但是为什么要把原子 冷却到如此之低的温度呢? 首先,极寒原子可以成为很好的检测物质。 拥有很少的能力, 它们对周围的波动异常敏感。 所以它们被用在寻找 地下石油和矿藏的装置之中, 它们也能制造高精度原子钟, 例如全球定位卫星中的原子钟。
Secondly, cold atoms hold enormous potential for probing the frontiers of physics. Their extreme sensitivity makes them candidates to be used to detect gravitational waves in future space-based detectors. They’re also useful for the study of atomic and subatomic phenomena, which requires measuring incredibly tiny fluctuations in the energy of atoms. Those are drowned out at normal temperatures, when atoms speed around at hundreds of meters per second. Laser cooling can slow atoms to just a few centimeters per second— enough for the motion caused by atomic quantum effects to become obvious. Ultracold atoms have already allowed scientists to study phenomena like Bose-Einstein condensation, in which atoms are cooled almost to absolute zero and become a rare new state of matter.

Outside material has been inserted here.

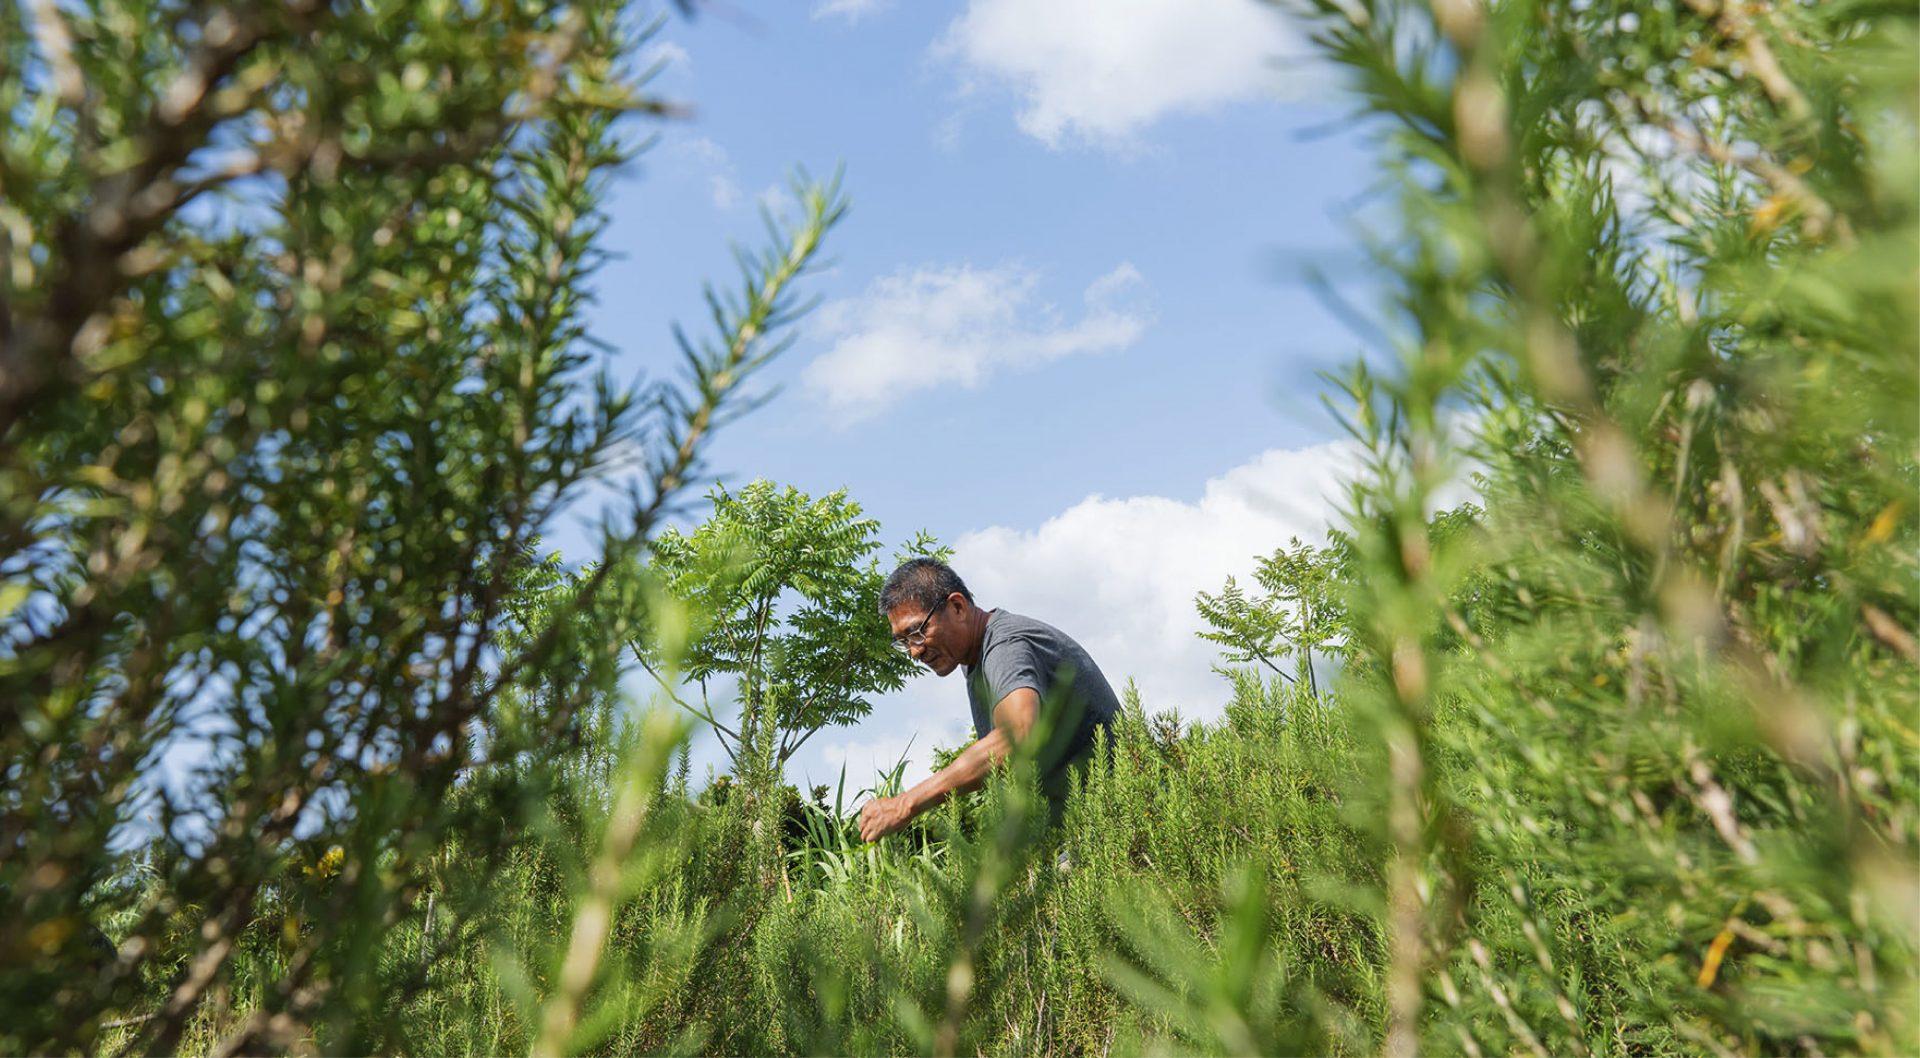 種一片香草園 栽培安居樂業的夢:李登庸與慕樂諾斯自然農場

其次,极寒原子蕴藏着 探索物理学前沿的 巨大潜力。 它们极端的敏感性使他们可以 在未来的空间探测仪中 被用来探测引力波。 它们对原子和次原子现象的研究也有帮助, 这种研究需要测度原子能量的 极其微小的波动。 原子在常温中被射出, 此时原子速度大概在每秒几百米。 激光冷却可以使原子降速到每秒几厘米—— 对观测由原子量子效果 造成的运动够用了。 极寒原子已经帮助科学家研究了 诸如玻色–爱因斯坦凝聚等现象, 在该凝聚中原子被降温到接近绝对零度, 然后成为一种少见的物质新状态。
So as researchers continue in their quest to understand the laws of physics and unravel the mysteries of the universe, they’ll do so with the help of the very coldest atoms in it.
所以随着研究人员 继续试图理解物理学定律 并解开宇宙谜题的同时, 他们会需要极寒原子的帮助。